Dr. Cingolani and his team are now investigating specific interactions between importin a3 and its one other main cargo, transcription factor NF-kB, known for its role in cellular inflammation that leads to cancer. “Our preliminary data suggest NF-kB has a complex quaternary structure that, like RCC1, requires an overall structural recognition rather than a simple NLS. We’re pretty positive that we’ll see something similar,” he says.
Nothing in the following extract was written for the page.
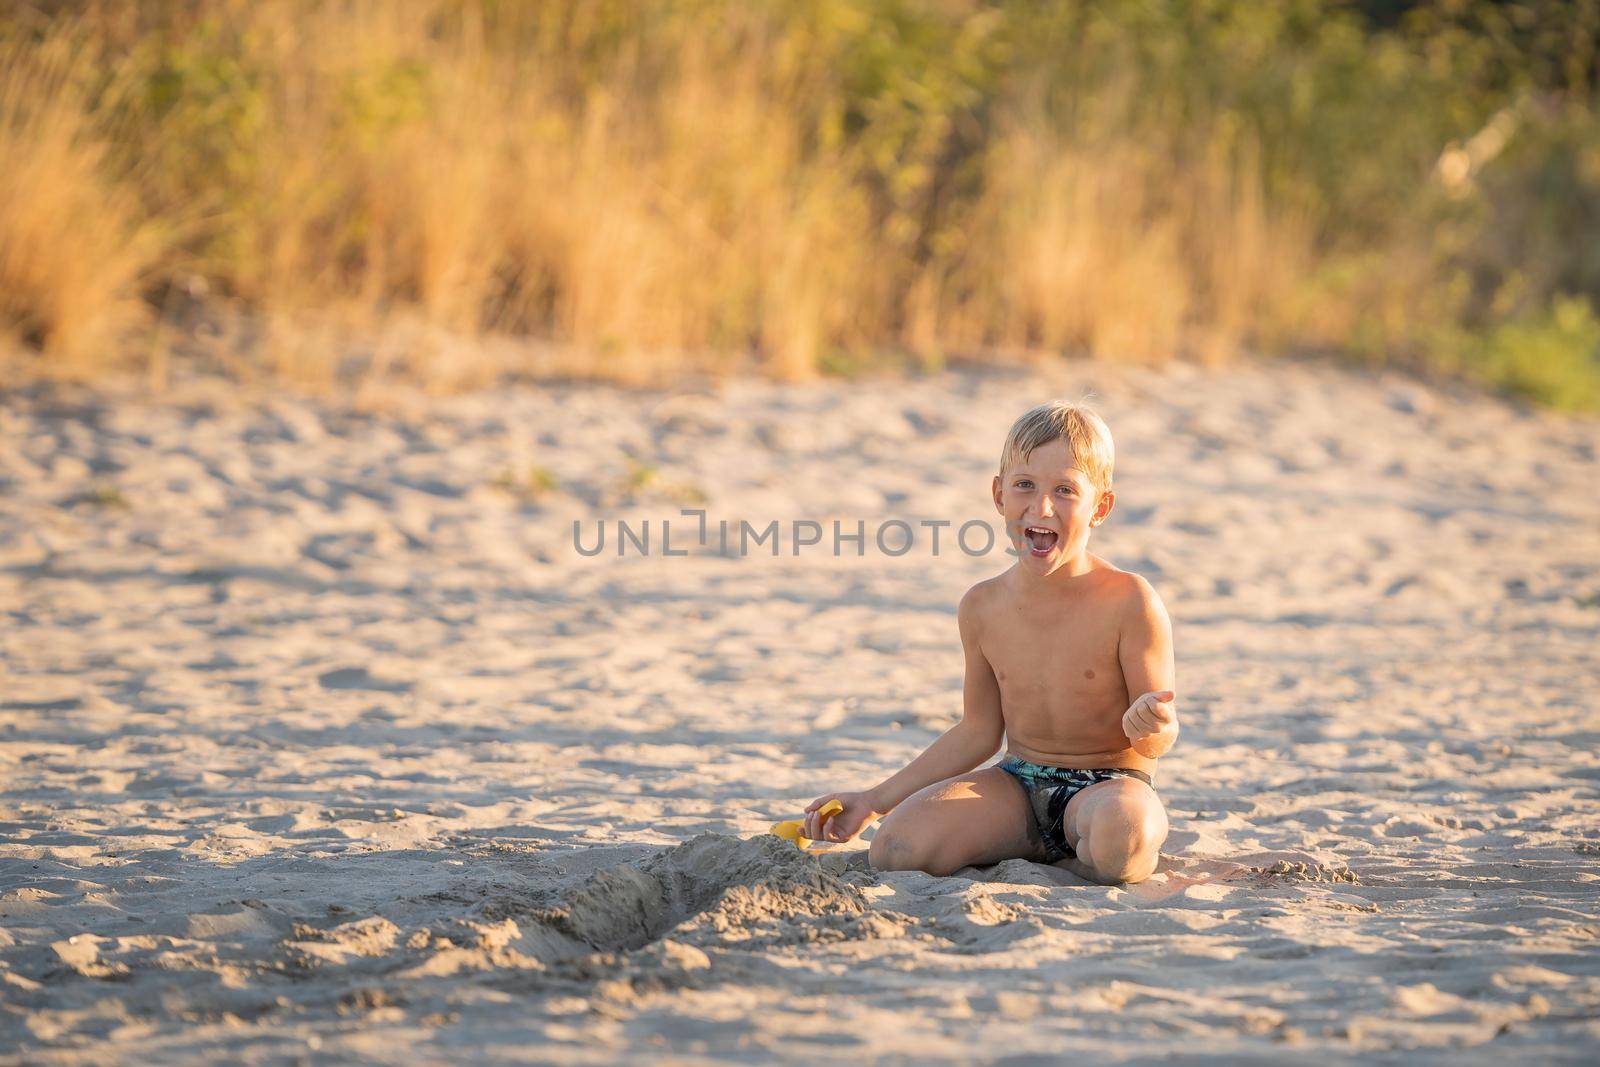 Little boy laughing on the beach summer holidays by Robertobinetti70

Now, armed with knowledge of how importin a3 binds its two targets, researchers can design drugs that target this specific import pathway without disrupting other important traffic. “Although many have tried to target and block importin a3, none have been successful so far. Now we have the knowledge to selectively target one specific, unique binding interaction.” 

The study was funded by NIH grants (GM074846, GM100888, and CA56036). The authors report no conflicts of interest.

Article reference: G. Cingolani, et al., “Three-dimensional context rather than NLS amino acid sequence determines importin α subtype specificity for RCC1,” Nature Communications, doi:10.1038/s41467-017-01057-7, 2017.